4. Ders: Yemek Seçimi
Eğer karı ve koca yamak seçiminde anlaşmazlığı düşerler, her biri farklı bir yemeği önerirse; toplumsal kanun gereği erkeğin, öncelikli hakka sahip olması gerekir. Çünkü masrafları karşılayan ve yemek malzemelerini pazardan alarak eve getiren odur. Ama İslam dini bu konuda kadının taraftarıdır. Erkeğe şöyle emretmektedir; “Eşinin sevdiği yemeği yemelisin.” (Tabi bu hüküm, kadının seçtiği yemeğin, herhangi bir sebeple erkeğe zararı almadığı surettedir.)

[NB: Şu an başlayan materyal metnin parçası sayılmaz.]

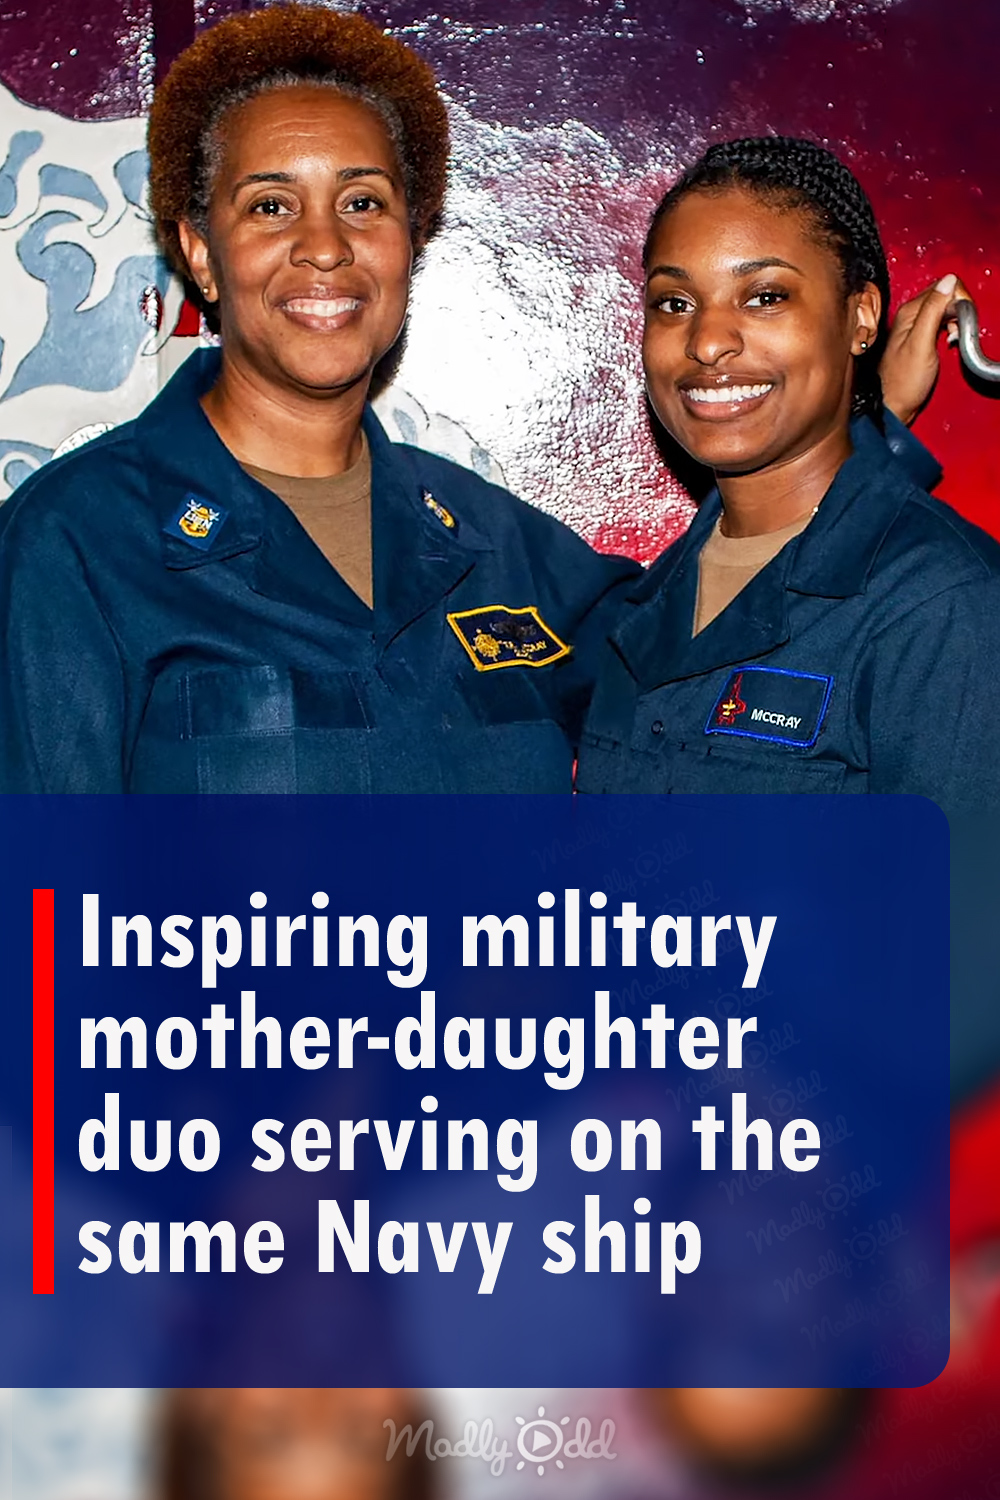 Inspiring military mother-daughter duo serving on the same Navy ship
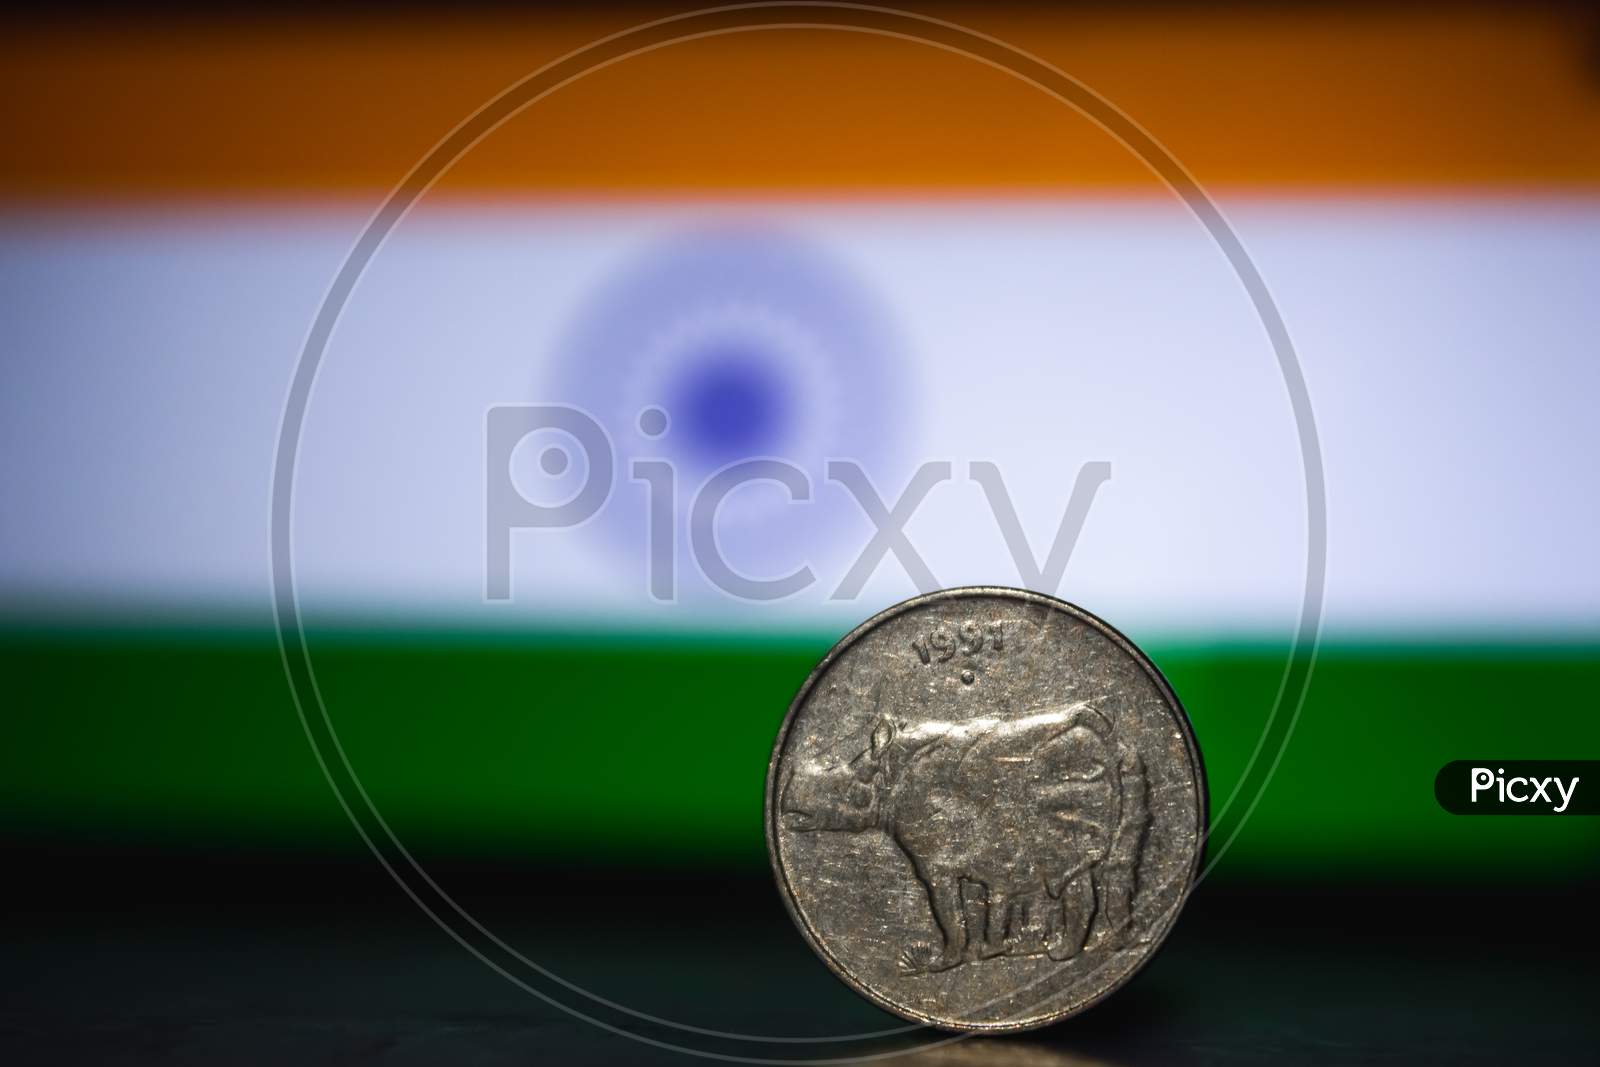 Indian Currency - Indian Twenty Paisa Coin Rupee Isolated On India Flag Background. Old 25 Paisa Coin 1979 With Space For Copy Text.

Bu şekilde davranan erkek İslam’a göre mümindir. Kendi sevdiğini zorla hanımıza yediren erkek ise münafıktır.
Ne kadar güzel! Erkek sabah evden dışarı çıkarken eşi; “Öğlen hangi yemeği isterisin.” diye sorduğunda şu cevabı verir: “Hangi yemeği senin canın isterse ben onu yerim.”
Hadis:
“Mümin eşinin iştahına göre yemek yer, münafık ise kendi iştahına göre yemek yer.”[1]
Her Müslüman evlendiğinde nikah akdini İslam kanunlarına uygun bir şekilde yerine getirir.
Müslüman bir erkek Müslüman bir hanımla evlendiğinde İslam’ın kanunlarına göre yaşamayı kabul etmiş sayılır. Ve onunla İslam kanunlarına uygun olarak geçineceğini doğal olarak kabul eder.
İslam’a göre kadın erkeğin yanında Allah’ın bir emanetidir. Dindar ve dürüst bir insan emanete nasıl davranırsa, o da öyle davranmalıdır. Hele bir de kadının güç itibarıyla daha zayıf ve zarif olduğu göz önünde bulundurulursa onun isteklerinin dikkate alınması ve ona önem verilmesi daha başka bir önem taşır.
Sonuçta kendi istediği yemekleri zorla hanımına yediren erkek Müslüman olduğundan dolayı davranışı, inanç ve niyetiyle farklı olduğu için bir çeşit nifaka düşmüş sayılır. Çünkü Müslümanın özü, sözü ve ameli İslam’a uygun olmalıdır. Ve bu ahlaki konularda inanç ve amellerle ilgili hüküm ve tavsiyelerin tamamına riayet edilmesi gerekir. Eğer davranışı daha farklı olursa şöyle demiş sayılır: “Ben bu konuda Müslüman değilim ve İslam’ın bu konudaki emrini kabul etmiyorum.” Hadiste geçen münafık da bu anlamdadır. İstilahi anlamdaki; batında kafir, zahirde Müslüman olan insan anlamında değildir.